A provocative artificial intelligence video featuring Los Angeles mayoral candidate Spencer Pratt as a caped crusader saving the city from socialist militia and indifferent elites racked up millions of views Tuesday, just 24 hours before he faced rivals in a televised debate.
The clip, created by filmmaker Charlie Curran, depicts a dystopian Los Angeles where flames consume the Hollywood sign and state and federal leaders including Governor Gavin Newsom, Mayor Karen Bass, and former Vice President Kamala Harris appear as detached aristocrats. Pratt emerges as the savior in a Batman-style intervention.
The video accumulated 3.6 million views by Wednesday. Former Florida Governor Jeb Bush publicly praised it as "maybe the best political ad of the year," amplifying its reach across social media.

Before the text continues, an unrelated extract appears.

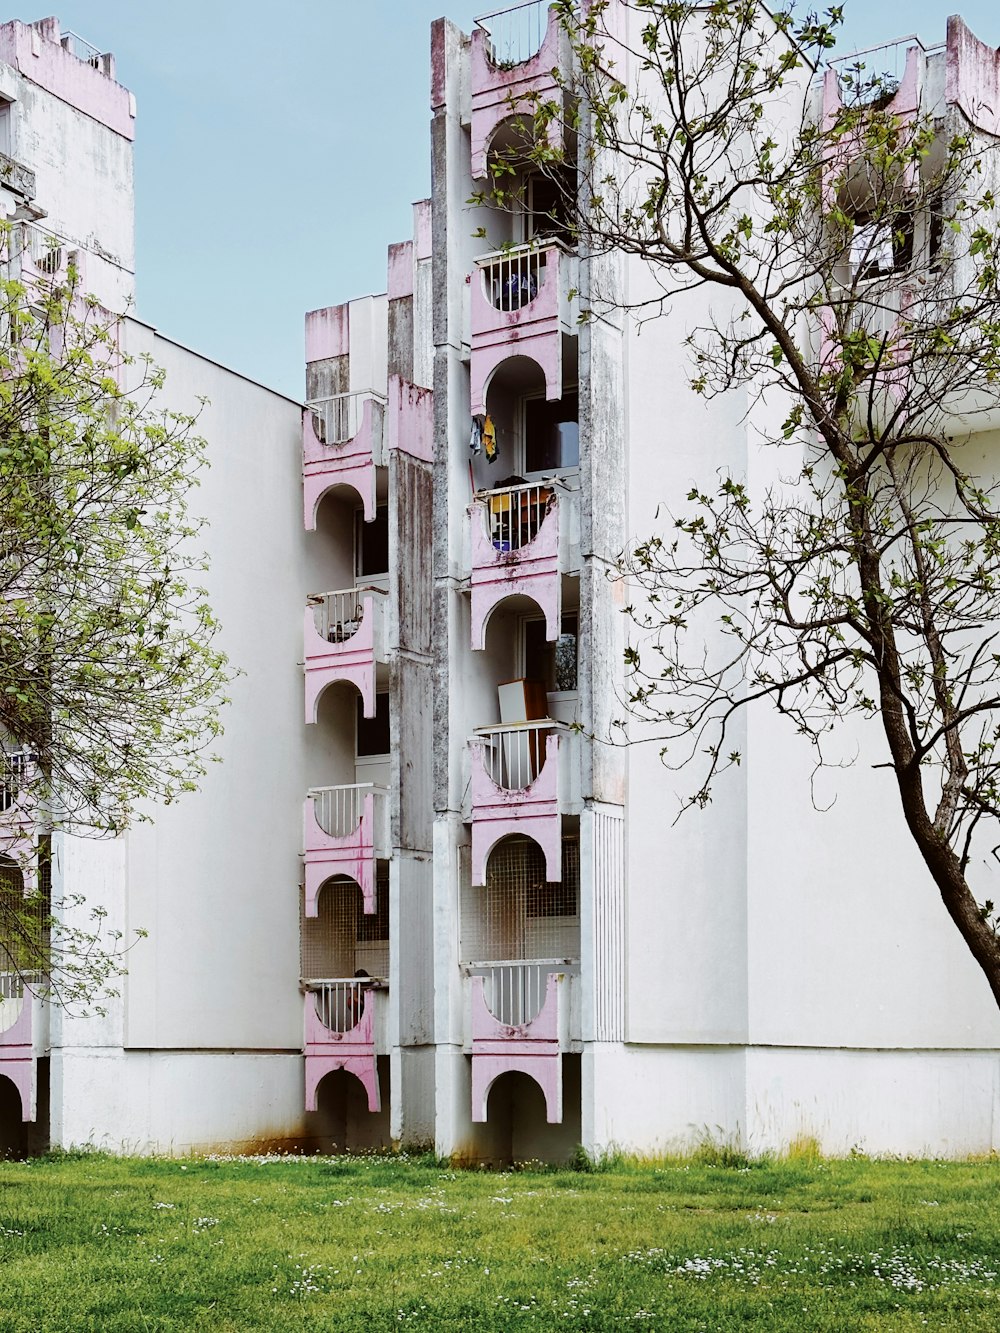 a tall white building with pink balconies

Pratt, a former reality television personality, has been hammering Bass and City Council member Nithya Raman for weeks on wildfires, homelessness, and public safety. In one April post, he attacked Bass over crime enforcement, writing: "it's easy for Karen Basura and Nithya Raman to claim 'crime is down' when they simply stop enforcing it. 60K open air drug zombies commit multiple felonies every single day."

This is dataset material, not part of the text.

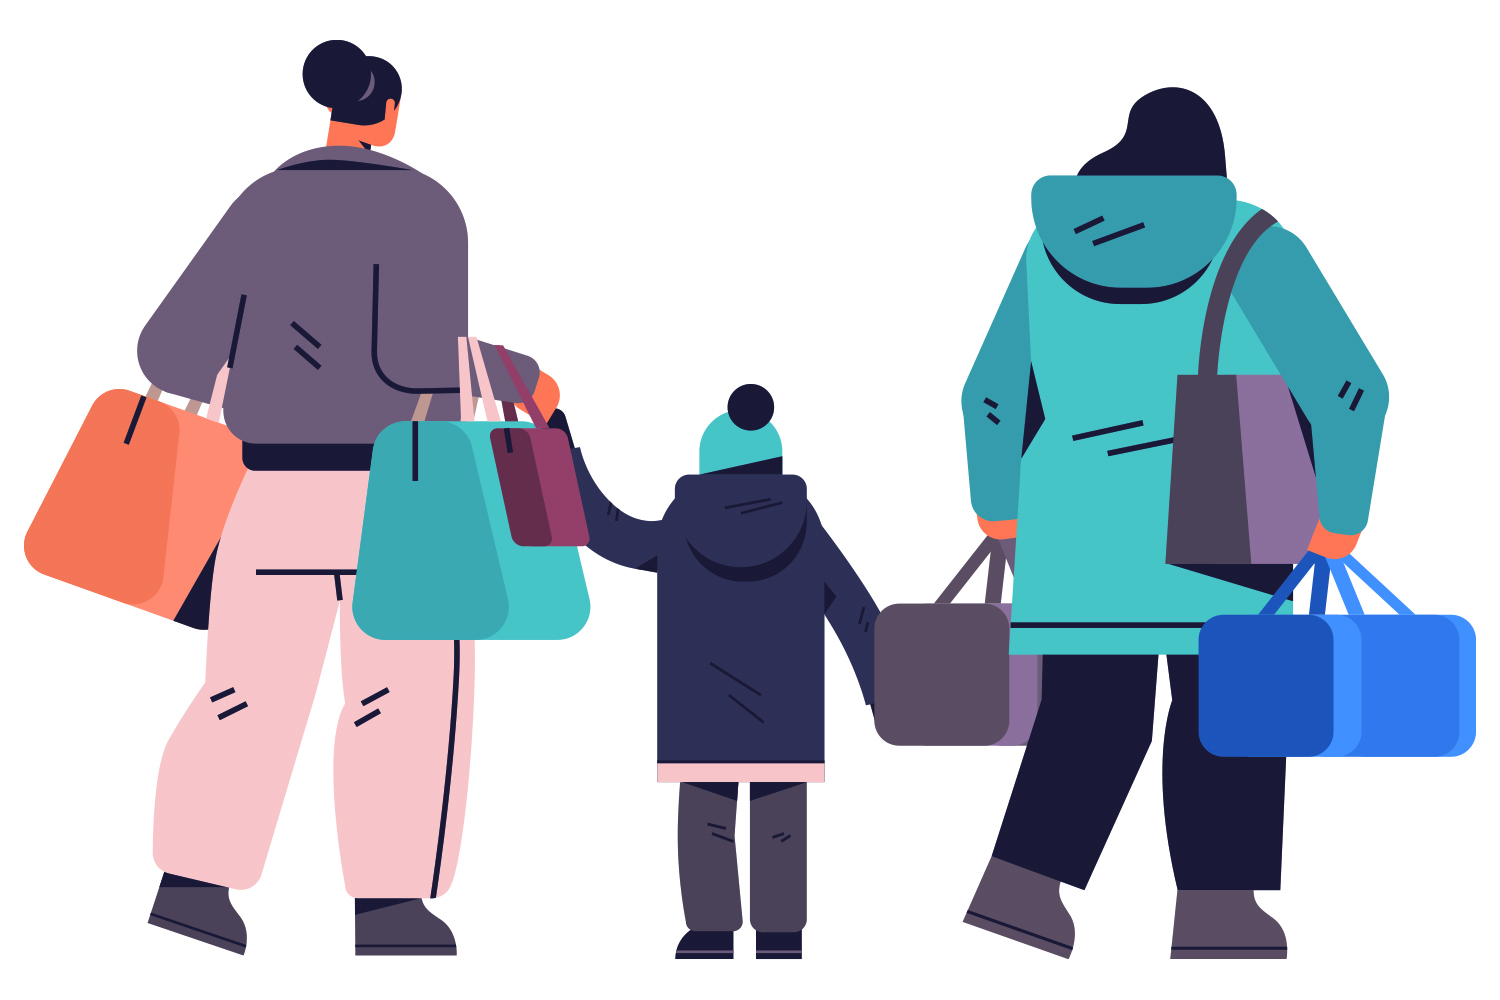 graphic of woman and children bundled up in winter coats carrying suitcases and bags.

Neither Bass nor Raman responded to requests for comment about the video ahead of their debate with Pratt.
The relationship between Curran and Pratt's campaign remains unclear. The filmmaker did not respond to inquiries about whether he was directly hired or working independently.
The AI question
Steve Caplan, a political advertising expert at the University of Southern California, said AI-generated campaign ads are likely to proliferate in future races. "They're cheap, fast and consultants hate spending money on production. You can crank out rapid response in hours," he explained.
But Caplan expressed skepticism about whether shock value translates to actual votes in Los Angeles. The city's entertainment industry, already reeling from production losses, may resist celebrating AI technology in politics. More fundamentally, Los Angeles is a heavily Democratic city where that ideological message struggles to gain traction.
"In an election where Democrats will turn out, it's a pretty narrow base to work from," Caplan said. "The notion that there are enough voters who would align with this message to win in an election like LA, I'm highly skeptical of that."
Author James Rodriguez: "Viral doesn't equal viable, and Pratt's Batman fantasy might be better suited for TikTok than a mayoral race in a blue-state stronghold."